Missing icons, theme when compiling for HEAD



I'm using gtkmm, but I thought it more likely that my issue is arising slightly lower down the 'library stack'. If this assumption appears obviously wrong, please tell me and I'll take my query to the gtkmm lists. :)

I recently compiled gtkmm HEAD and all its dependencies using jhbuild (to set up a separate development context under /opt/gnome2/ to avoid messing with my stable versions). For reference, asking jhbuild to list what versions of gtkmm's dependencies it will compile yields the following:

jeff meatpopsicle:~/cvs/gnome2/gtk+$ sudo ~/bin/jhbuild list --show-revision gtkmm
libxml2
libxslt
gnome-common
intltool
scrollkeeper (0.3.14)
gtk-doc
glib
libsigc++2 (libsigc-2-0)
glibmm
fontconfig (fc-2_4_branch)
Render
Xrender
cairo-1-0 (1.0.4)
cairomm
Xft
pango
atk
shared-mime-info
gtk+
gtkmm


I seem to recall reading somewhere that no version number listed means it take the most current revision. Is this anywhere near accurate, or complete bollocks? (if it's even relevant)

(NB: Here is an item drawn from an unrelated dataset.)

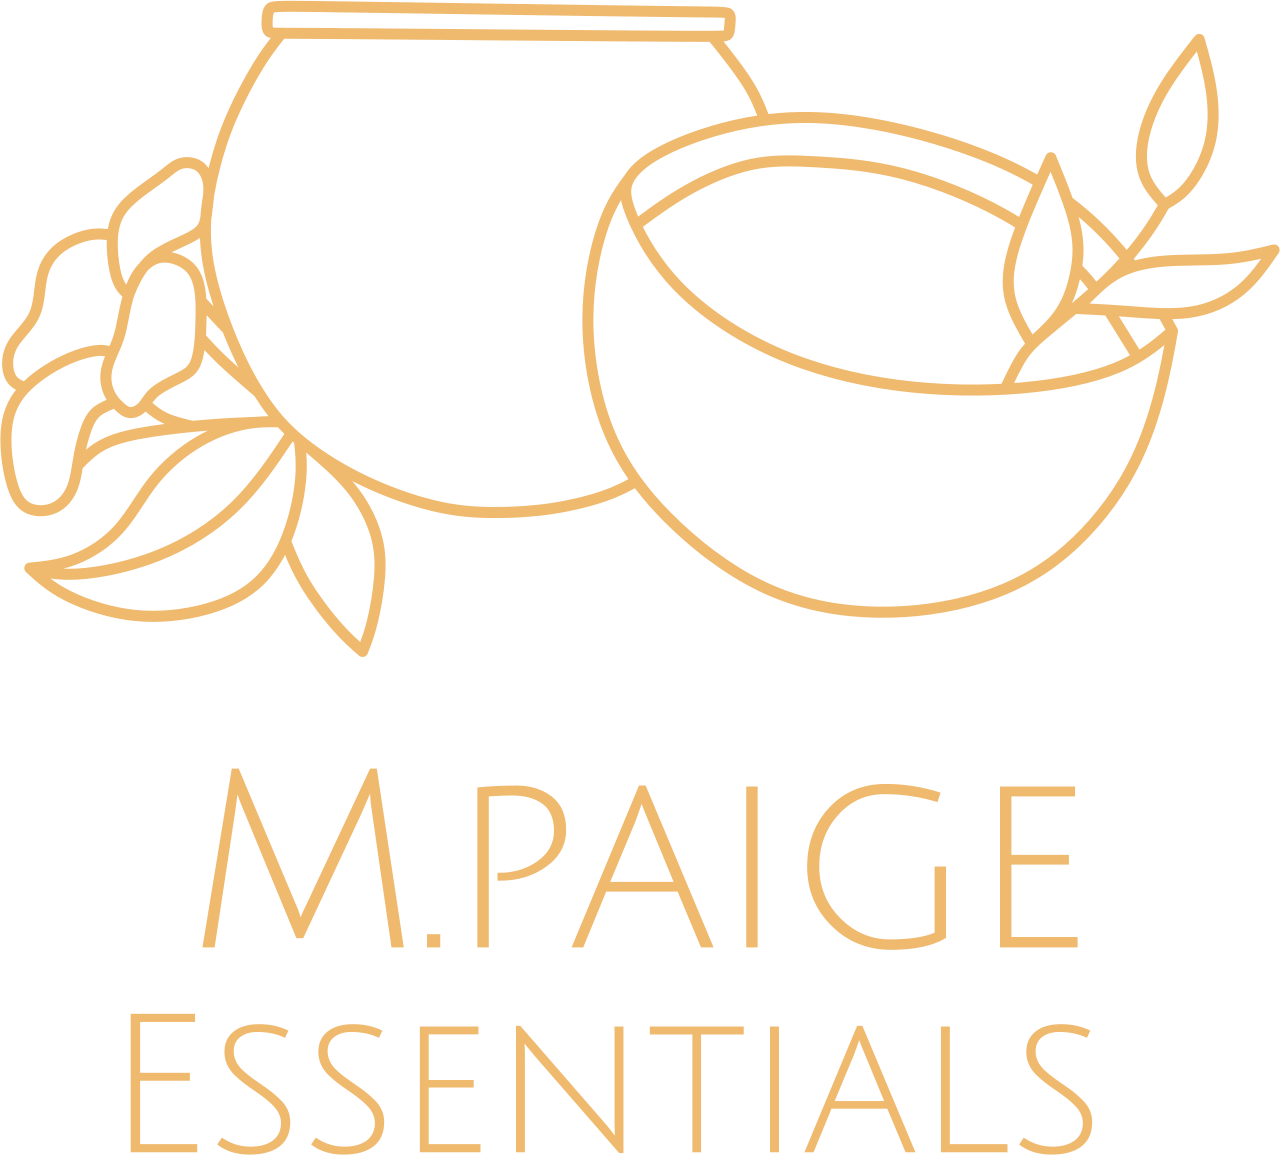 M.paige's logo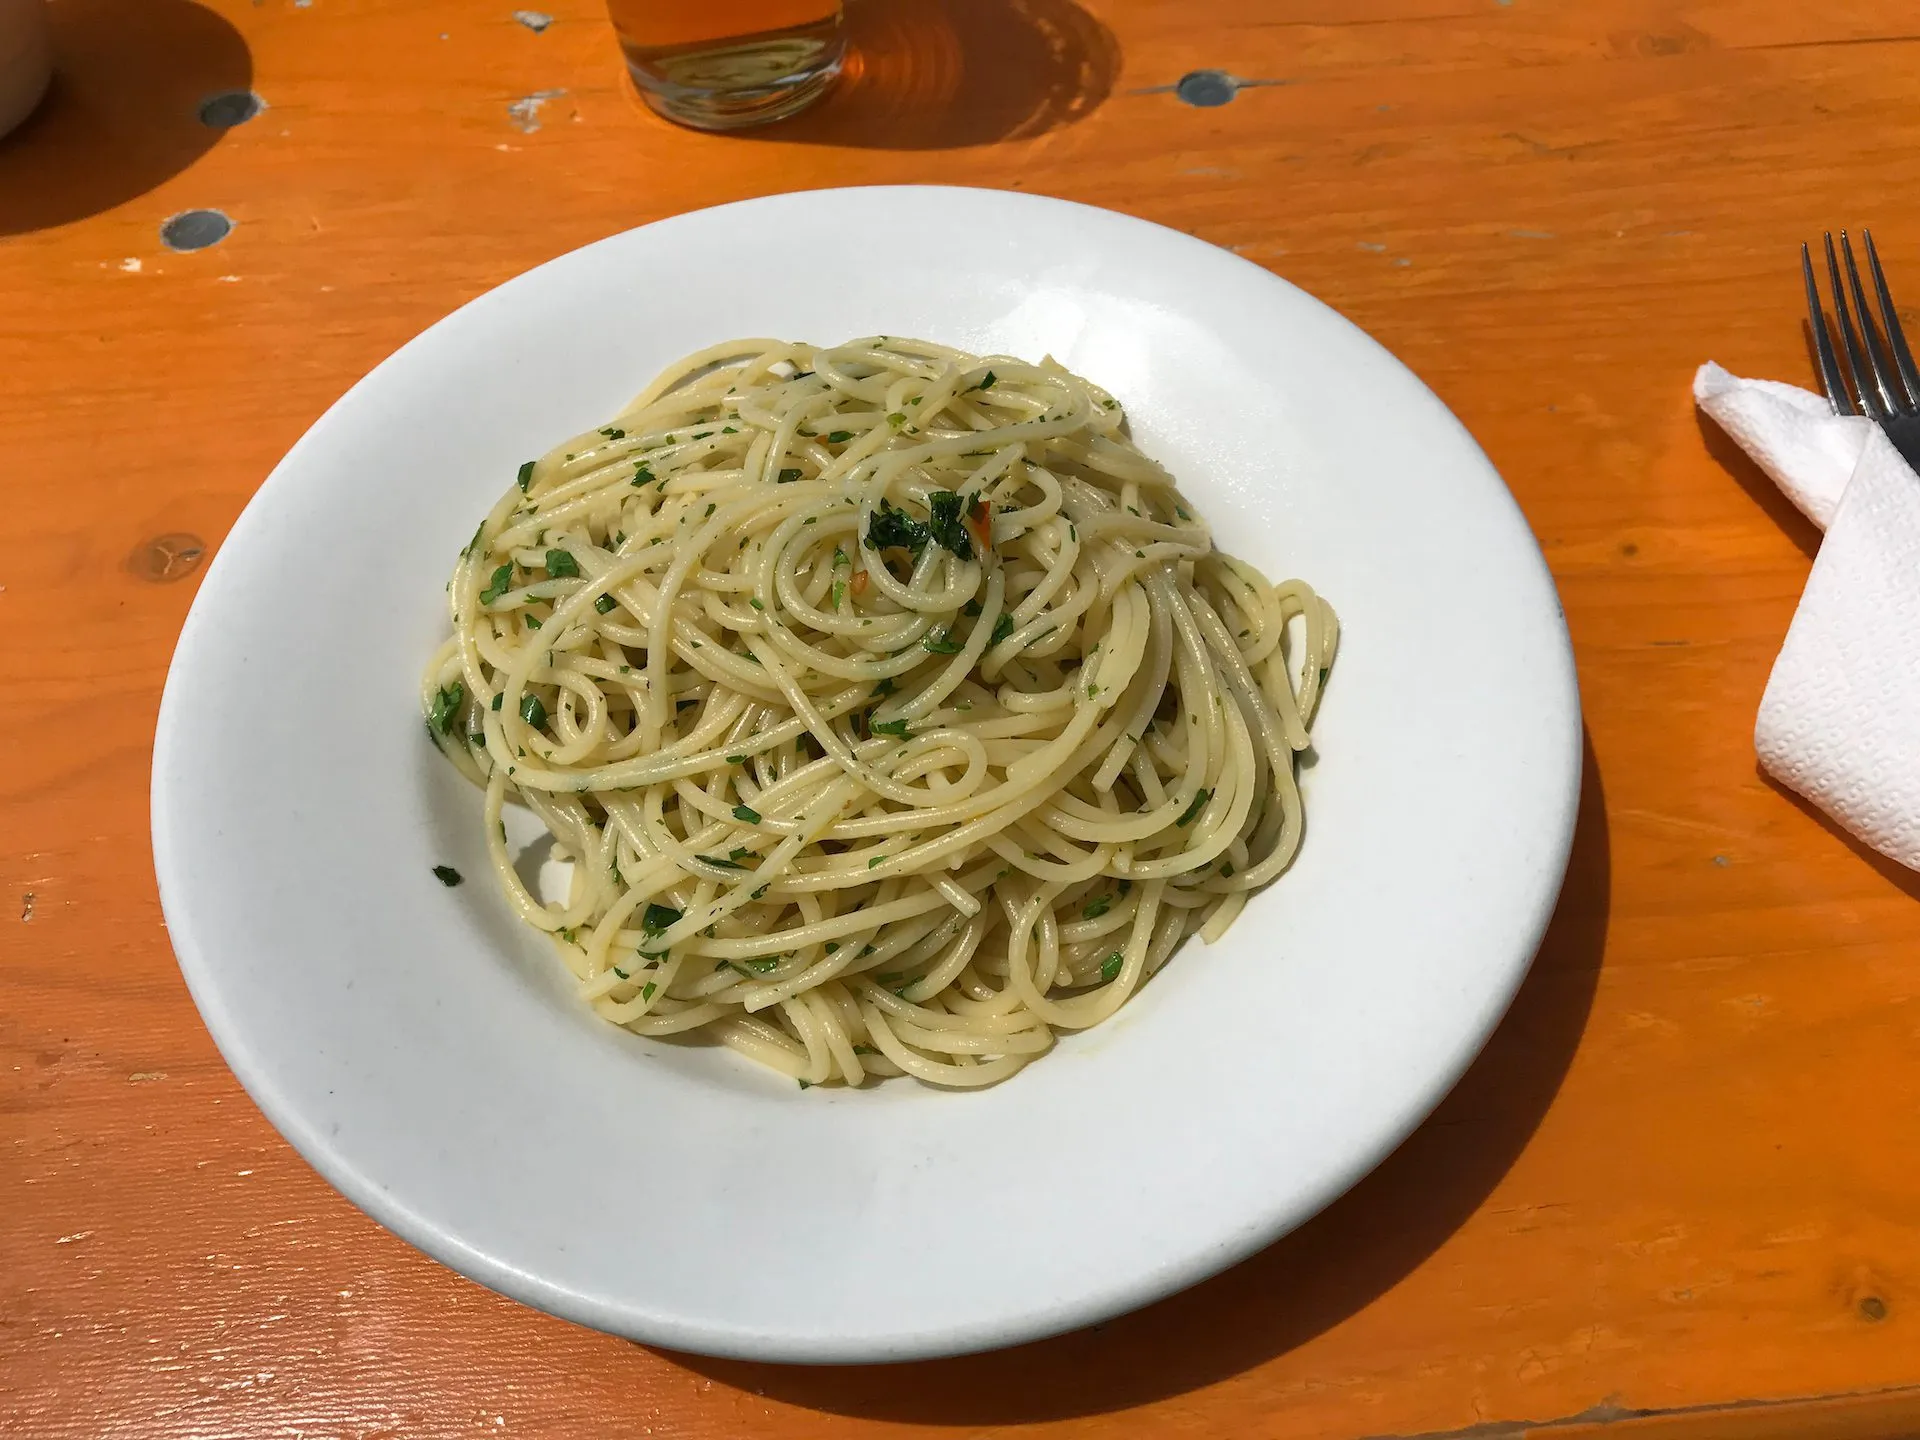 Spaghetti aglio olio und Peperoncino

Compiling my application against the relevant library versions that come with Ubuntu (Dapper) produces the following appearance: http://members.optusnet.com.au/jeffrparsons/xprings_on_gtkmm-28.png

However, compiling against the most recent ones from the gnome CVS repository produces: http://members.optusnet.com.au/jeffrparsons/xprings_on_gtkmm-HEAD.png

It also prints error messages repeatedly (moving over tool buttons etc. produces more) as follows:

root meatpopsicle:~/projects/Xprings/src# ./xprings
(xprings:5897): Gtk-WARNING **: Error loading theme icon for stock: Failed to open file '': No such file or directory
(xprings:5897): GLib-GObject-CRITICAL **: g_object_unref: assertion `G_IS_OBJECT (object)' failed
(xprings:5897): Gtk-CRITICAL **: gtk_default_render_icon: assertion `base_pixbuf != NULL' failed
(xprings:5897): Gtk-CRITICAL **: gtk_style_render_icon: assertion `pixbuf != NULL' failed
(xprings:5897): GLib-GObject-CRITICAL **: g_object_ref: assertion `G_IS_OBJECT (object)' failed

[omitted many repititions of the last 5 lines]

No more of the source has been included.